_WHAT YOU HAVE TO DO_: Please set down, word for word, the line that contains "Surviving the Annual" and every line after it to the end of the entries below, omitting the pictures.

◆ ◆ ◆ ◆

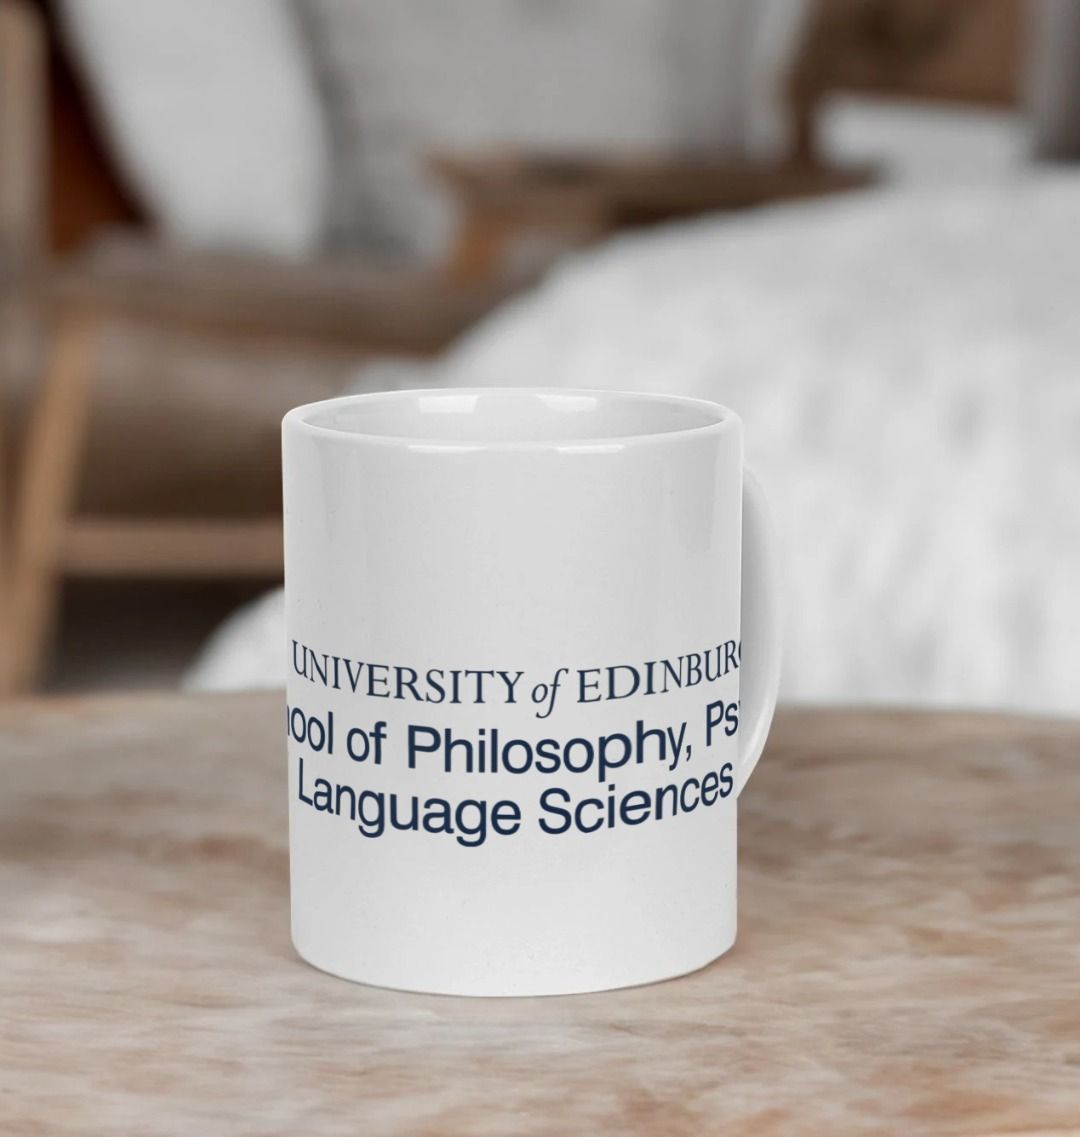 White School of Philosophy, Psychology and Language Sciences Mug with multi-colour printed University crest and logo
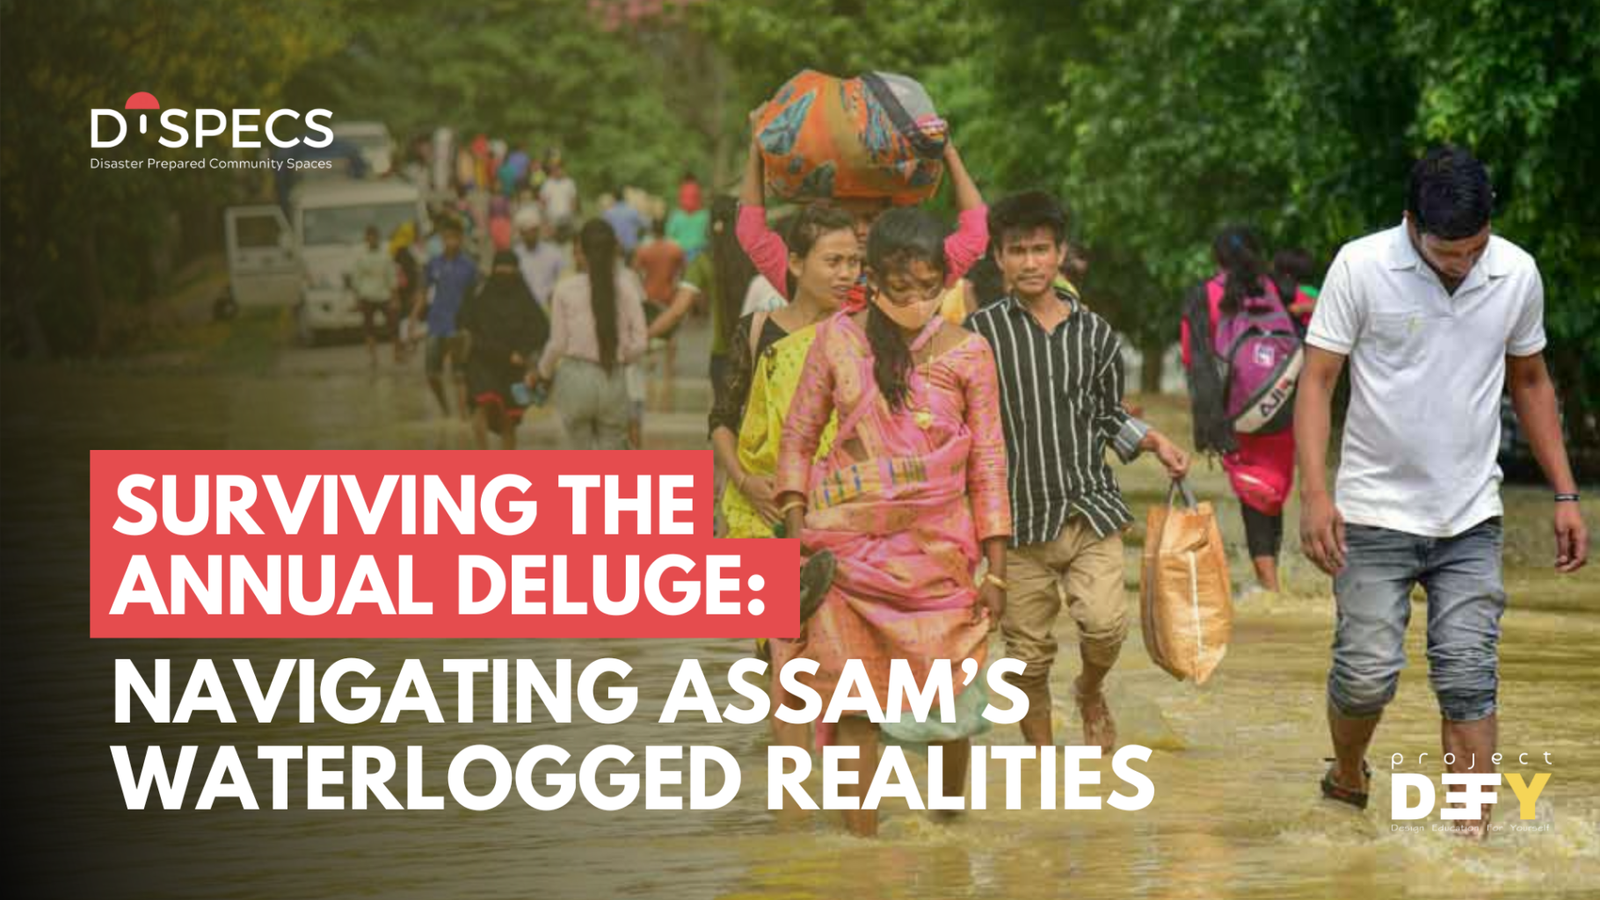 Surviving the Annual Deluge: Navigating Assam’s Waterlogged Realities
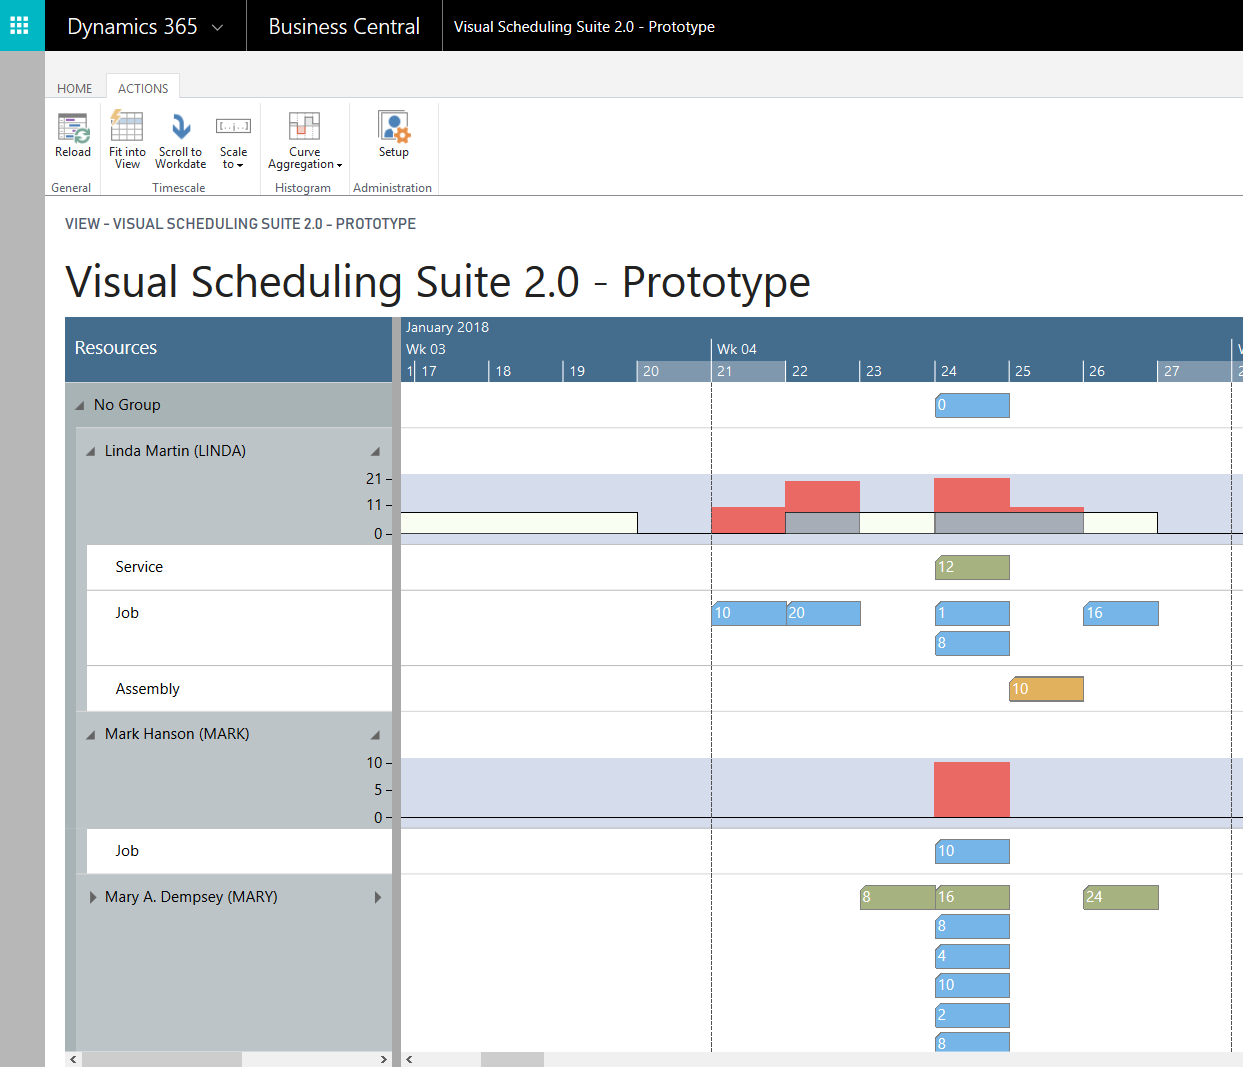 Visual Scheduling Suite 2.0
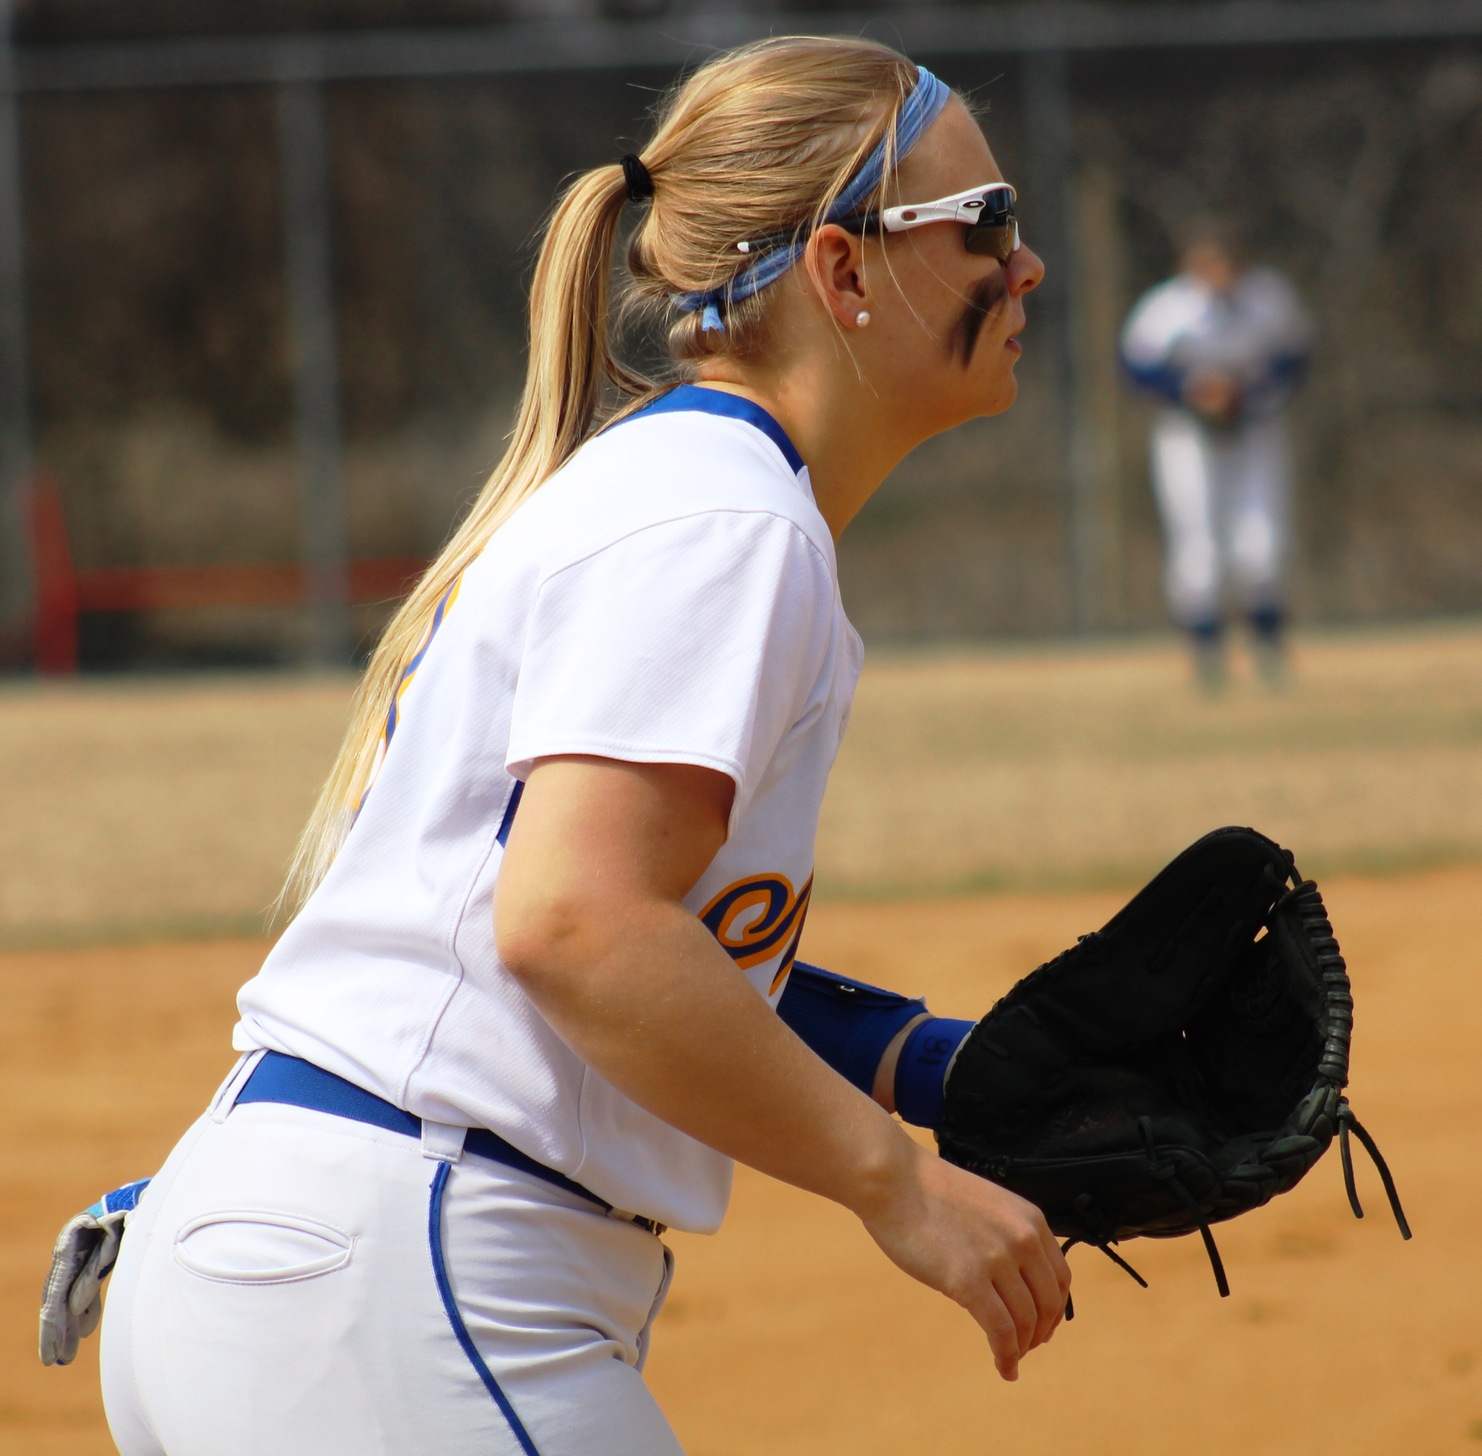 Third baseman Shelby Low gets ready for the pitch during a game against Iowa Central in Oskaloosa earlier this season.
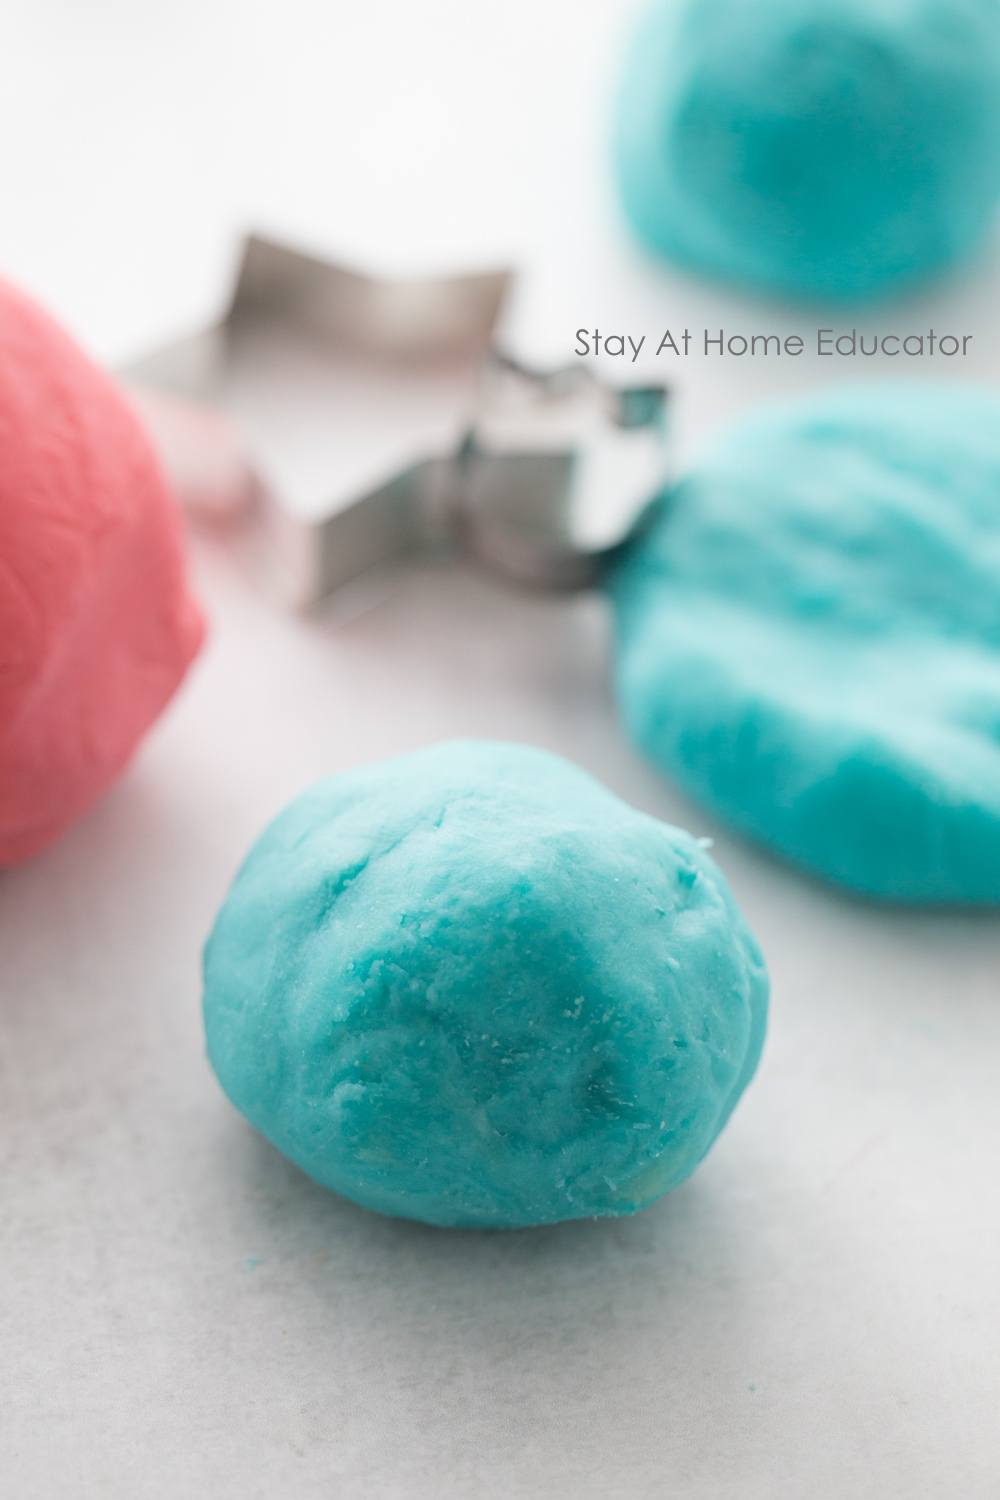 Learn how to make the softest play dough recipe without cream of tartar | Super soft play dough recipe without cream of tartar | corn starch playdough recipe | homemade playdough with cornstarch | soft play dough recipe | how to make playdough with cornstarch

◆ ◆ ◆ ◆

_OUTPUT FOR THIS EXERCISE_:
 Surviving the Annual Deluge: Navigating Assam’s Waterlogged Realities
 Visual Scheduling Suite 2.0
 Third baseman Shelby Low gets ready for the pitch during a game against Iowa Central in Oskaloosa earlier this season.
 Learn how to make the softest play dough recipe without cream of tartar | Super soft play dough recipe without cream of tartar | corn starch playdough recipe | homemade playdough with cornstarch | soft play dough recipe | how to make playdough with cornstarch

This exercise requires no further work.